Usung Anies, Nasdem Siap Dipuji dan Difitnah

Gubernur DKI Jakarta, Anies Baswedan/lst
Gubernur DKI Jakarta, Anies Baswedan/lst

Keputusan mengusung Anies Baswedan menjadi bakal calon presiden dari Nasdem diakui sudah melewati perjalanan panjang dengan mendengarkan berbagai masukan, saran dan pandangan.


Ketua Umum Partai Nasdem, Surya Paloh menyebut, dirinya menerima berbagai masukan positif hingga negatif saat mengusung Anies sebagai calon presiden di 2024.

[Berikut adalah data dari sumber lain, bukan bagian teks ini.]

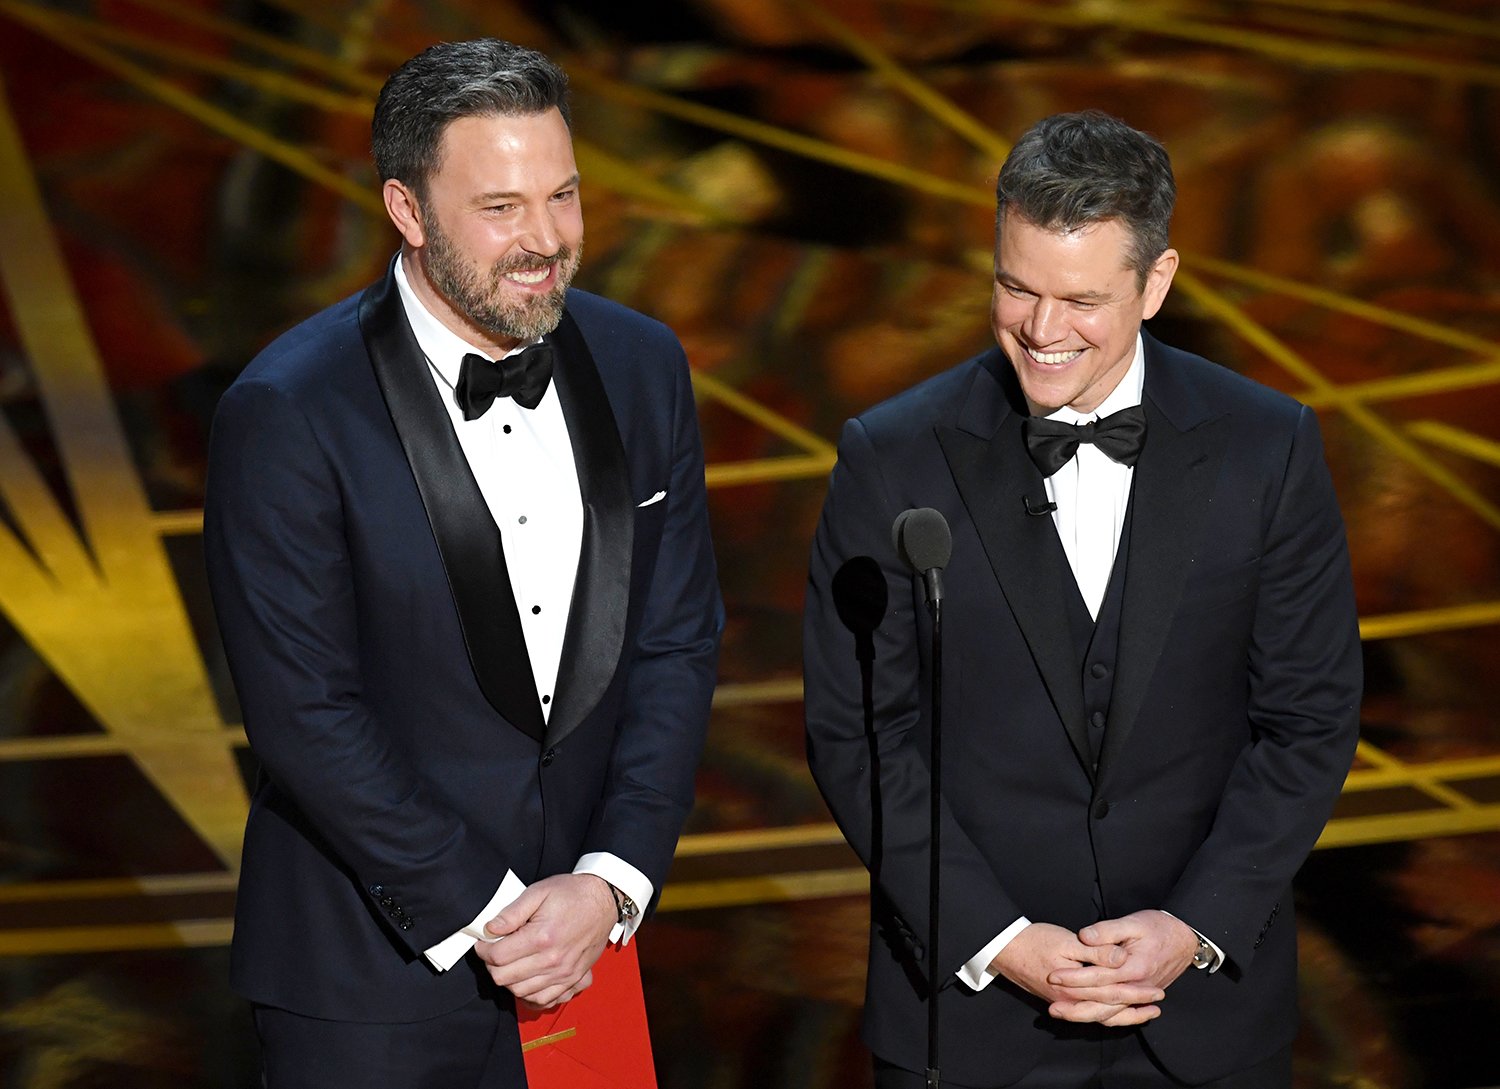 Ben Affleck and Matt Damon at the 89th Annual Academy Awards
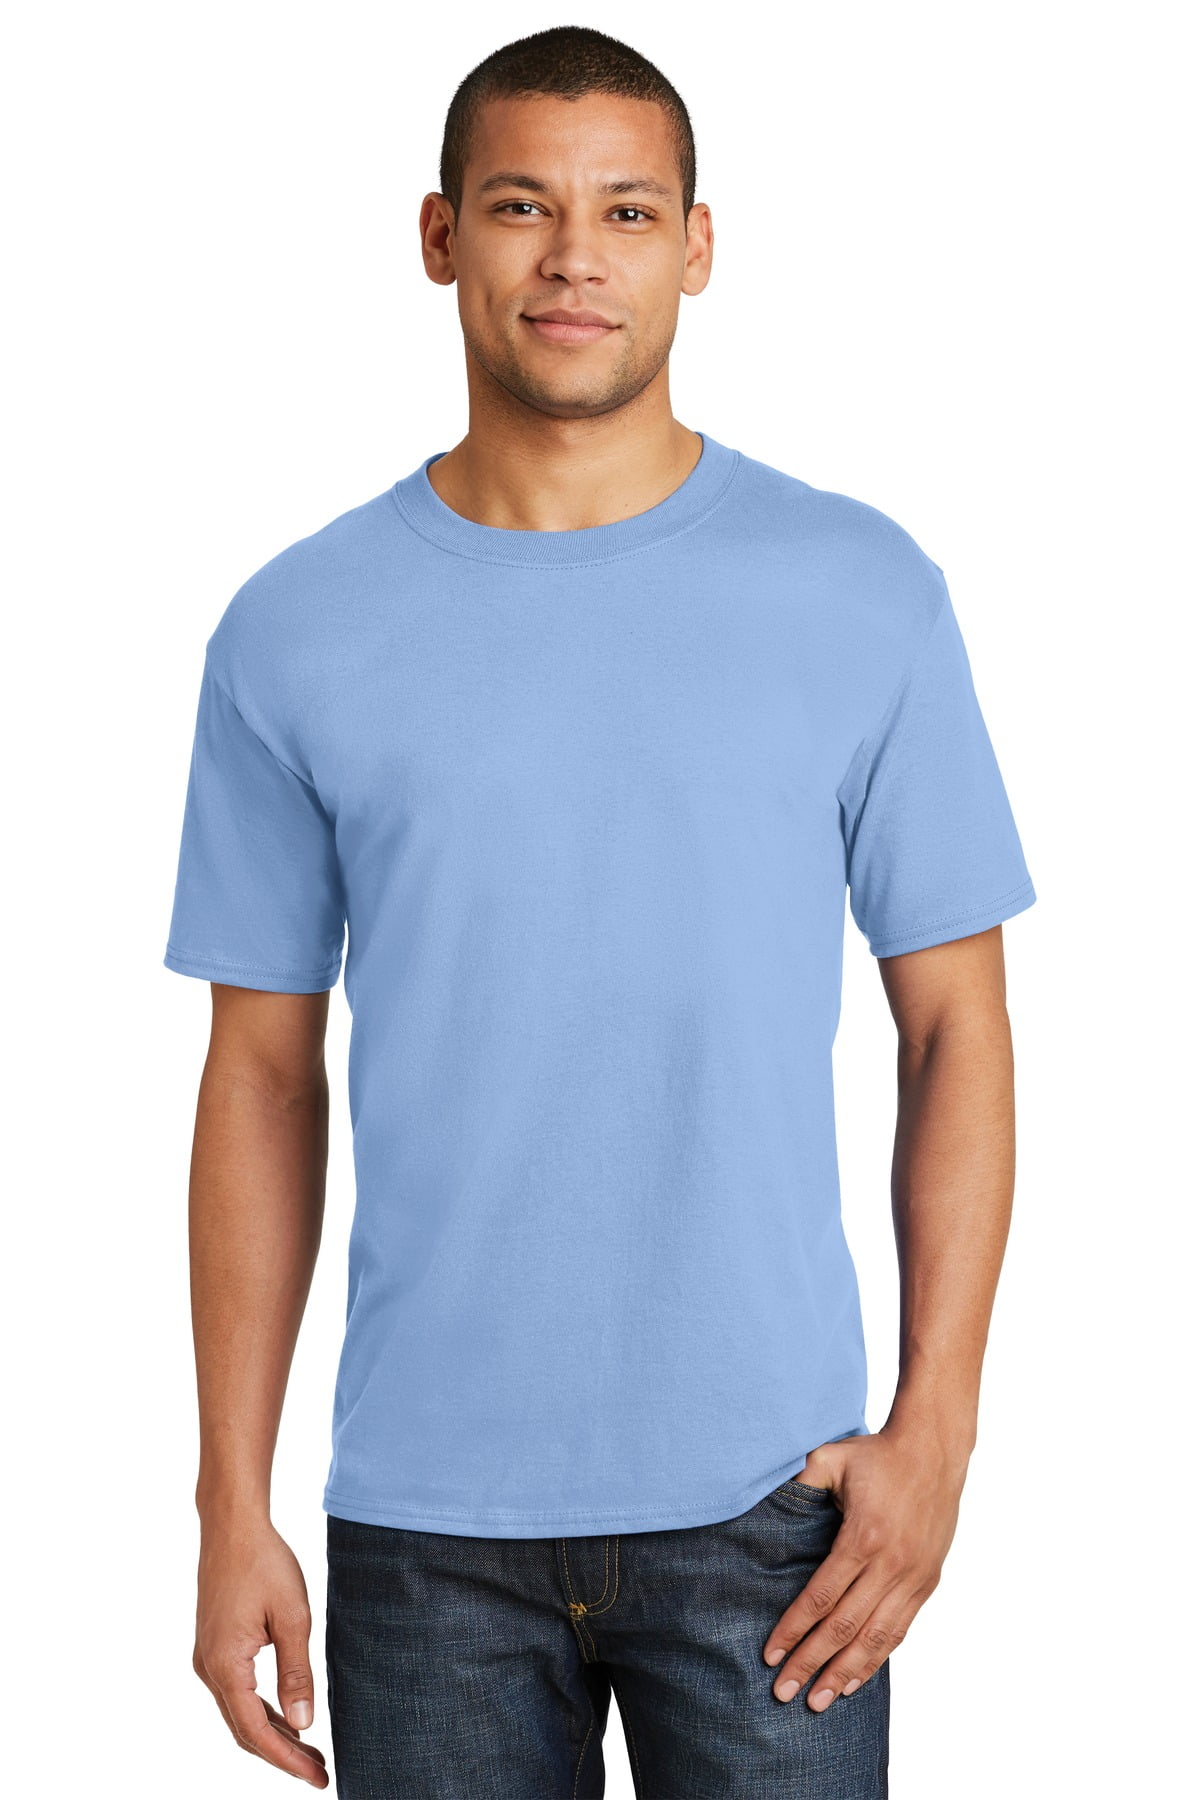 Hanes Beefy-T Adult Short-Sleeve T-Shirt

Namun, dirinya memutuskan konsisten memilih Anies meski dengan berbagai dampak yang bakal diterimanya.

"Siap-siap juga Nasdem bukan hanya mendapatkan puji sanjung, fitnah, syirik, dengki, khianat," kata Surya Paloh di Nasdem Tower di Gondangdia, Jakarta, Senin(3/10).

Dia menegaskan, Nasdem siap menghadapi situasi terburuk sekalipun setelah deklarasi pengusungan Anis Baswedan ini.

"Yang penting Nasdem harus bersiap menghadapi situasi seperti itu,” imbuhnya.

Adapun alasan Surya Paloh memilih Anies, lantaran Gubernur Jakarta itu merupakan sosok terbaik untuk ditawarkan kepada masyarakat sebagai capres selanjutnya.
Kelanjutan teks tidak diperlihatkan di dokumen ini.